Results: VEGF-A(165)b inhibited VEGF-A(165)-mediated endothelial cell migration with a dose effect similar to that of ranibizumab and bevacizumab and 200-fold more potent than that of pegaptanib. VEGF-A(165)b bound both VEGFR1 and VEGFR2 with affinity similar to that of VEGF-A(165). After laser injury, mice were injected either intraocularly or subcutaneously with recombinant human VEGF-A(165)b. Intraocular injection of rhVEGF-A(165)b gave a pronounced dose-dependent inhibition of fluorescein leakage, with an IC(50) of 16 pg/eye, neovascularization (IC(50), 0.8 pg/eye), and lesion as assessed by histologic staining (IC(50), 8 pg/eye). Subcutaneous administration of 100 microg twice a week also inhibited fluorescein leakage and neovascularization and reduced lesion size.
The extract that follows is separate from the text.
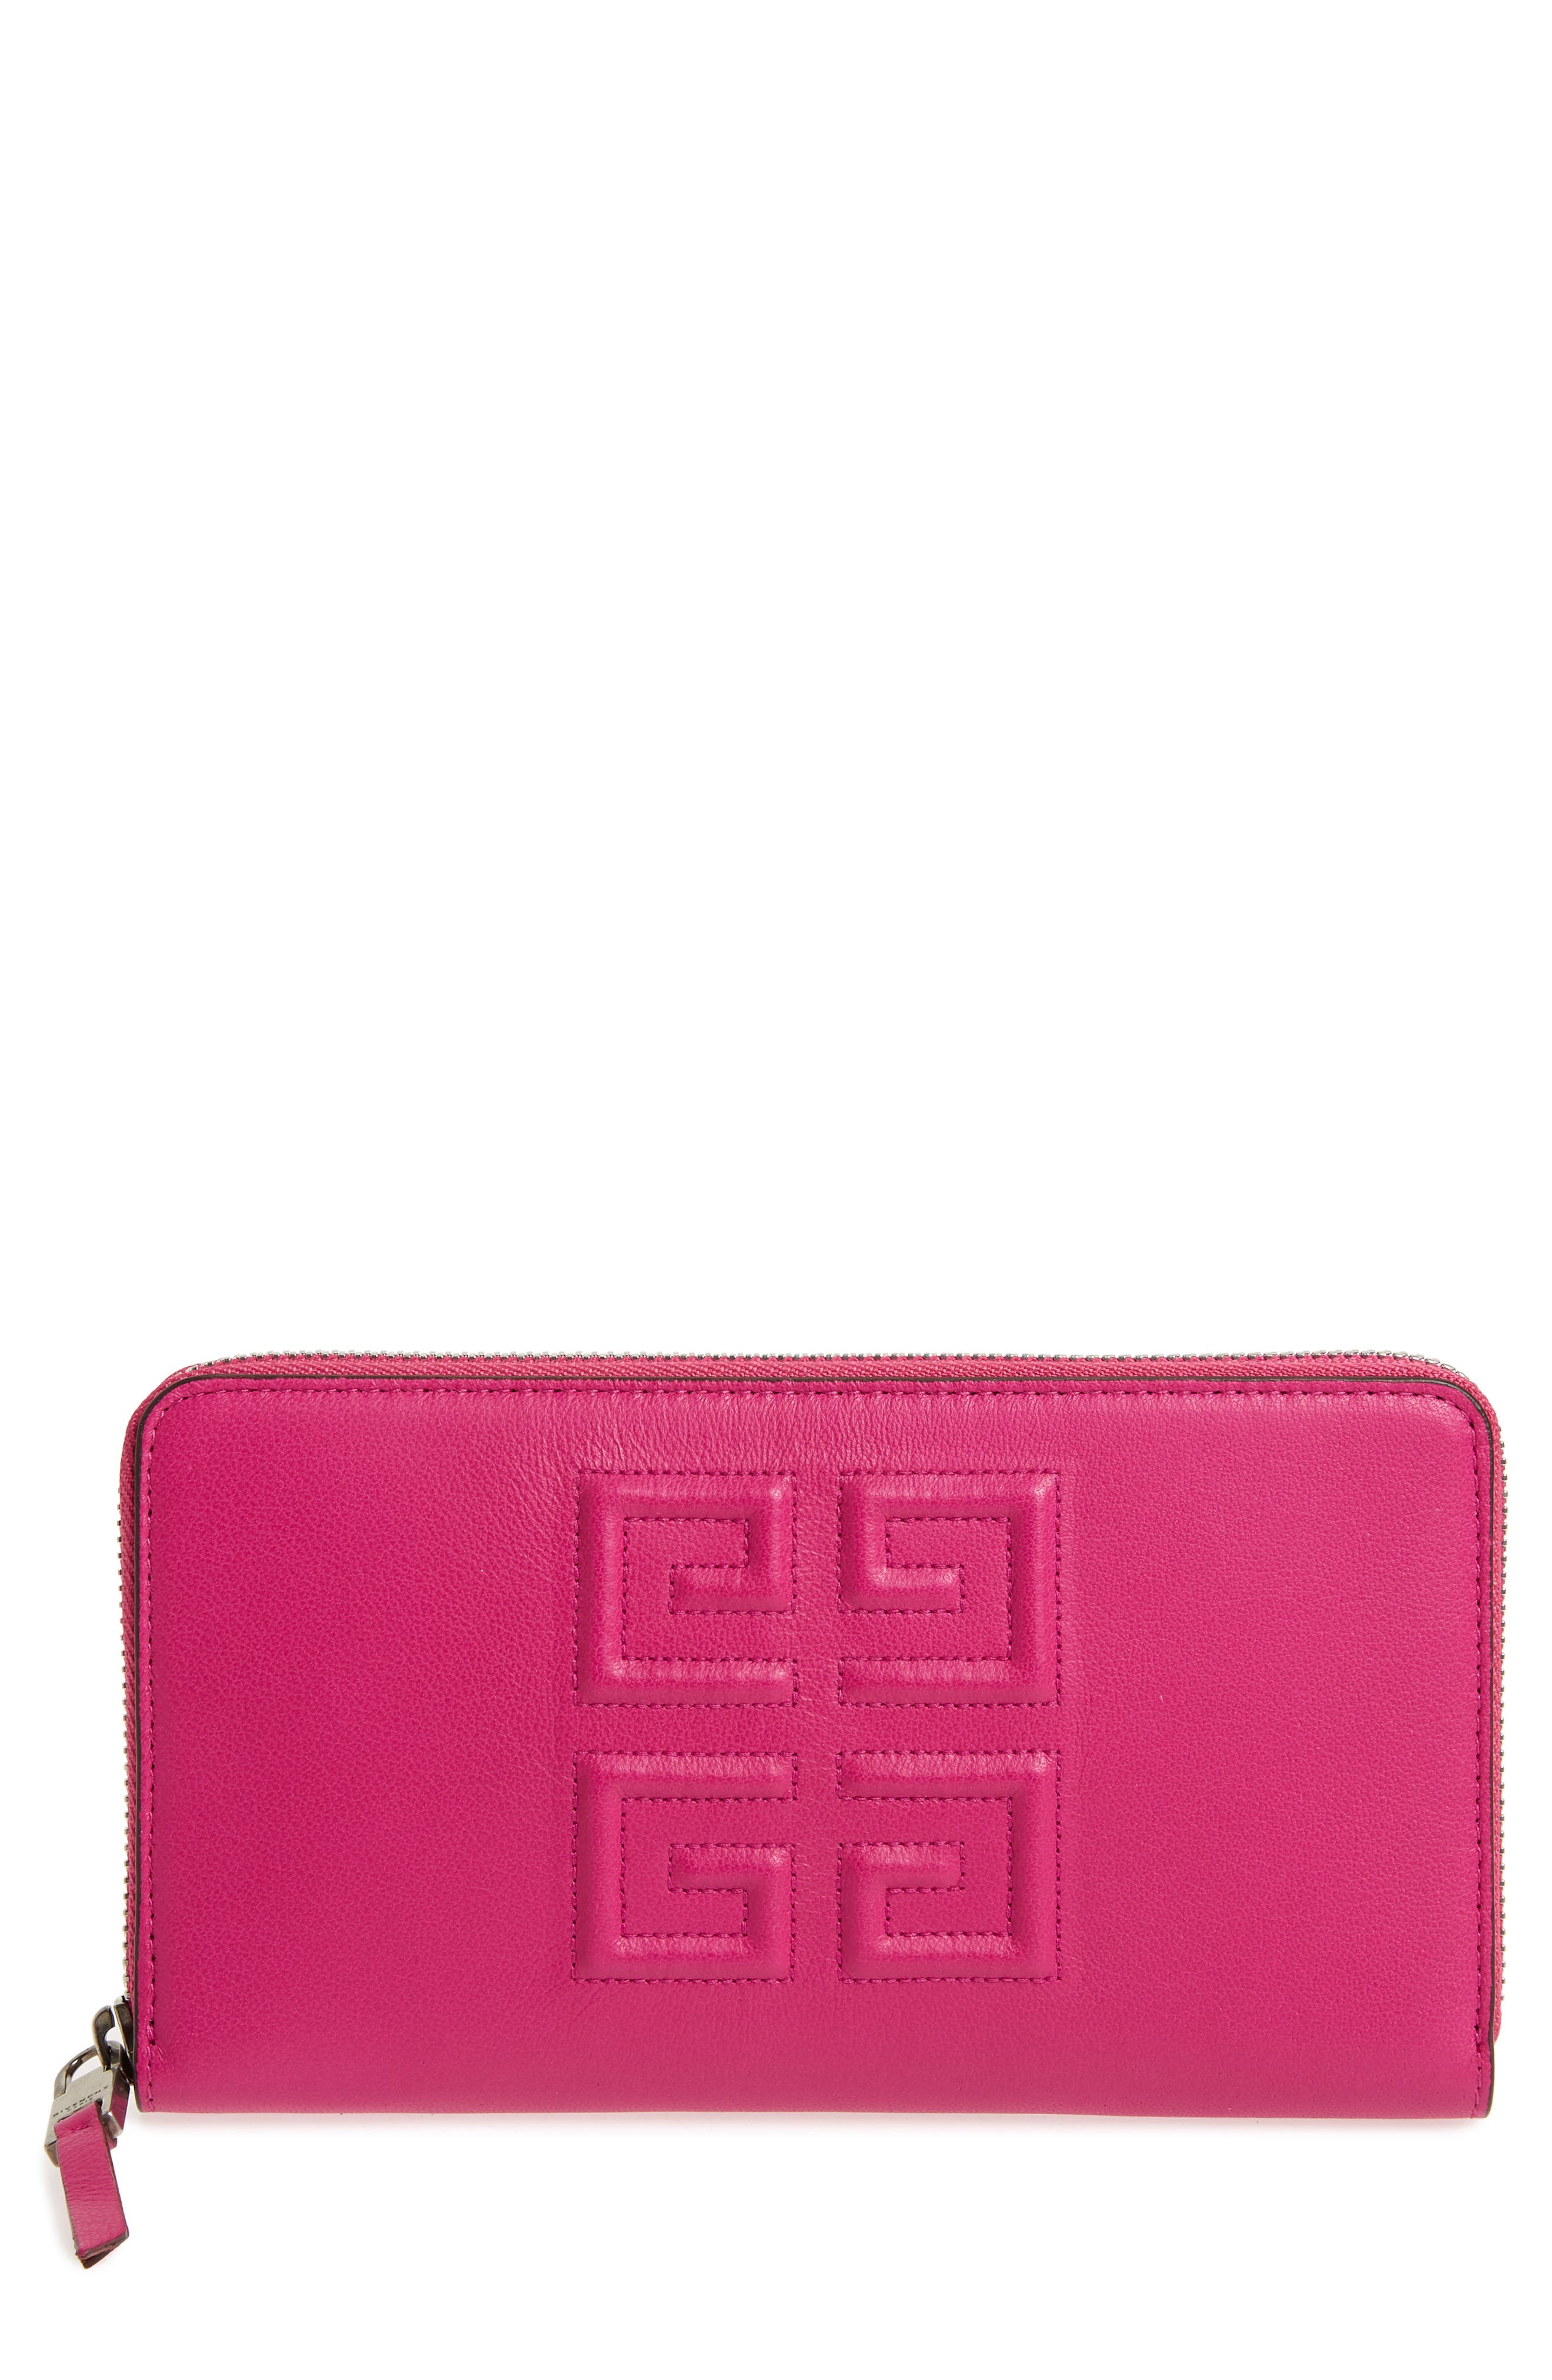 givenchy pink wallet

Conclusions: These results show that VEGF-A(165)b is a potent antiangiogenic agent in a mouse model of age-related macular degeneration and suggest that increasing the ratio of antiangiogenic-to-proangiogenic isoforms may be therapeutically effective in this condition.

Figure 1.

VEGF-A₁₆₅b is the predominant VEGF-A_xxxb isoform in the eye. Protein was extracted from dissected tissues of donor eyes from the Bristol Eye Bank and subjected to SDS-PAGE and immunoblotting using anti-VEGF (left) or anti-VEGF_xxxb (right). Protein was extracted from eyes either by dissection of the RPE layer from the rest of the retina or by dissection of the neuronal layer from the rest of the retina or the whole retina. Recombinant human (rh) VEGF₁₆₅ and VEGF₁₆₅b were run both as denatured and native to demonstrate monomer and dimers. The expected sizes of VEGF₁₂₁, VEGF₁₈₉, and VEGF₁₄₅ are demonstrated.

Figure 2.

VEGF-A₁₆₅b inhibits VEGF-A₁₆₅–mediated endothelial cell migration but binds to VEGFR. (A) HMVECs were seeded onto polycarbonate 8-μm pore filters, and migration across the transwell was measured to 1 nM VEGF-A₁₆₅ with increasing doses of inhibitors. (B) Fc-VEGFR1 was coated onto an ELISA plate, and increasing concentrations of biotinylated VEGF-A₁₆₅b were added. After development with HRP-SA, the percentage of bound VEGF-A₁₆₅b was calculated relative to saturated values, and IC₅₀ was calculated using a nonlinear sigmoid variable slope fit. (C) Fc-VEGFR1 was coupled to an SPR sensor chip, and increasing concentrations of VEGF-A₁₆₅b were allowed to flow over the chip. Response units relative to the reference chip were measured by surface plasmon resonance. (D) Fc-VEGFR2 was coupled to a similar chip, and the experiment was repeated. Affinity and dissociation constants were calculated by 1:1 Langmuir binding models.

Figure 3.

Intravitreal VEGF-A₁₆₅b inhibits CNV. Mice underwent retinal laser coagulation in both eyes and intravitreous injection with VEGF-A₁₆₅b or HBSS directly after laser procedure (day 0) and on day 7. (A) FA on day 14 showed dose-dependent inhibition of leakage (arrows). (B) Quantification using 0 to 3 scoring scheme by three independent masked observers. (C) Staining with isolectin B4 of the RPE-choroid-sclera complex showed a dose-dependent decrease in lesion size. (D) The IC₅₀ for lesion size was 0.78 pg. (E) H&E staining of the middle section of each photocoagulation area showed disrupted RPE layer and lesions. These were dose dependently reduced by VEGF-A₁₆₅b injection. (F) Measurement of the lesion size.

Figure 4.

Systemic VEGF-A₁₆₅b inhibits CNV. Mice underwent retinal laser coagulation in both eyes and subcutaneous injection with 100 μg VEGF-A₁₆₅b or PBS twice weekly. (A) Quantification of FA on day 14 using 0 to 3 scoring scheme by three independent masked observers showed inhibition of leakage. Representative images for each treatment are shown above the bars. (B) Staining with isolectin B4 of the RPE-choroid-sclera complex. (C) Confocal three-dimensional reconstruction was used to calculate volume size. (D) H&E staining of the middle section of each photocoagulation area showed disrupted RPE layer and lesions. These were reduced by VEGF-A₁₆₅b injection. **P < 0.02 and ***P < 0.001 compared with PBS. Unpaired t-test (A–C). Mann-Whitney U test (D).